По их мнению, Россия далеко оставила далеко позади себя Второй Рим, где процветало цареубийство, отсутствовало наследование царской власти от отца к сыну, да и верато была в конце концов продана, когда ромеи приняли Флорентийскую унию с Римом. Более того, как иногда утверждают, «все, что было в Византии, было прямой противоположностью всему тому, что выросло на Руси. Византийство – это преобладание формы над содержанием, законничества над совестью, интриги над моралью»[920].

Нередко добавляли также, что, в отличие от пестрого состава населения Византии, монолитная и своем славянском происхождении русская нация была менее подвержена этническим конфликтам. Да и славяне по природе своей гораздо более расположены к христианству, чем греки, латиняне, сирийцы, малоазиаты и т. д.[921]

Относительно «чистоты» нашей веры уже говорилось выше. Что же касается наших «предшественников», то едва ли измена византийцев Православию может быть отнесена к причинам падения Константинополя. Да и была ли она?! Как известно, ромеи в целом унии не приняли и вере отцов не изменяли. Потому, к слову сказать, еще на протяжении как минимум двух столетий при всех спорных вопросах наши пращуры неизменно обращались к восточным патриархам с просьбами разъяснить смысл того или иного догмата, канона или обряда.

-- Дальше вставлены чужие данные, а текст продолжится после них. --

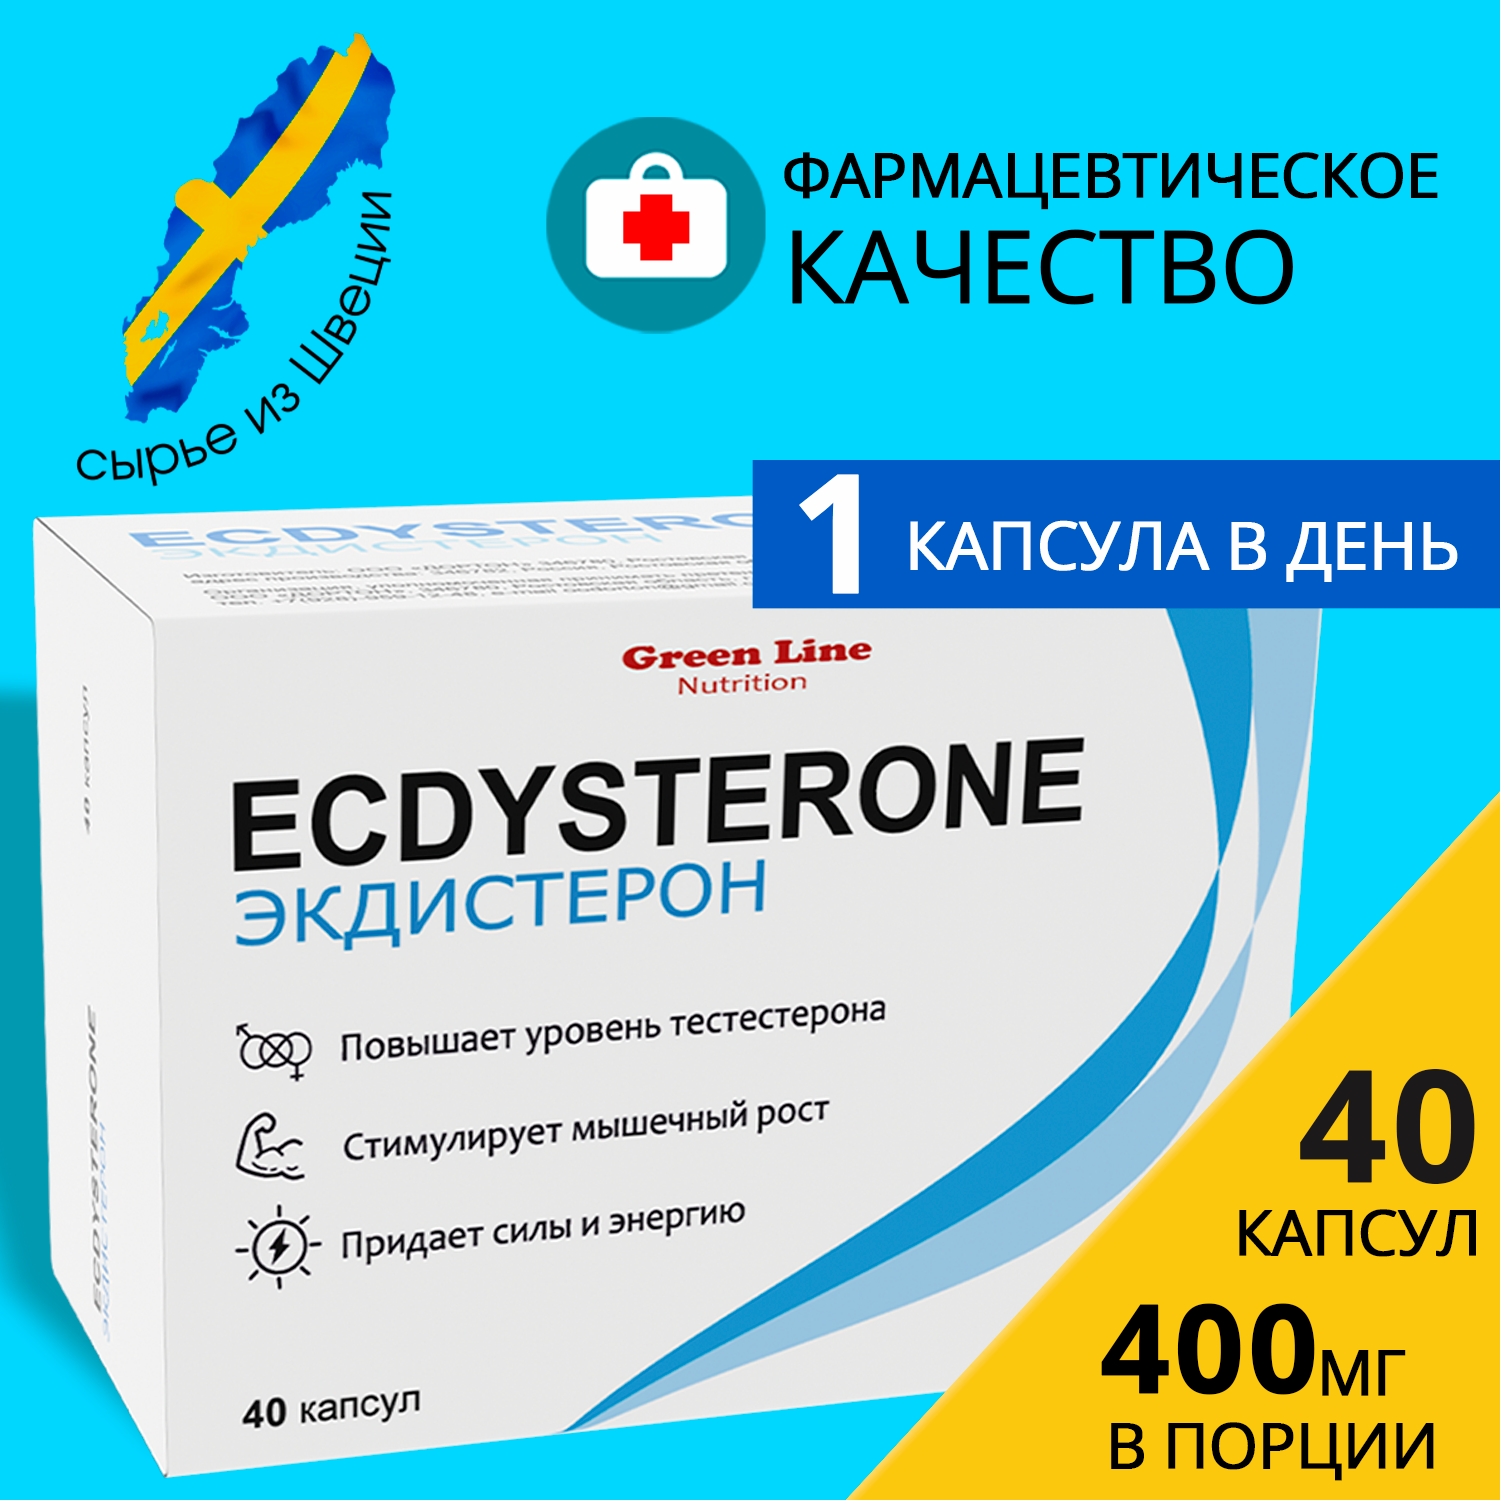 Бустер тестостерона Экдистерон 400 мг, БАД Ecdysterone-S 40 порций это средство для повышения тестостерона и витамины для мужчин, тестобустер

Конечно же, гибель Византийской империи была обусловлена не мятущимся поведением греческих (впрочем, и русских тоже: подпись Суздальского архиерея стоит под униальными актами наравне с подписью будущего кардинала Римской церкви Исидора) епископов в Ферраро или Флоренции в 1439 г. Она была фактически предопределена куда более ранними и трагичными событиями: захват Константинополя в 1204 г. крестоносцами и разрушение византийской государственности, ежегодные, в течение многих столетий, войны с турками и болгарами, а затем с сербами и венграми, резкое оскудение казны, внутренние нестроения и т.д. Но, к слову сказать, именно в эти последние десятилетия существования Византии идея христианского монархизма заиграла во всем своем блеске. Никогда ни до, ни после этого царская власть в глазах рядовых греков не излучала столько жертвенности и благородства, переливаясь всеми цветами радуги.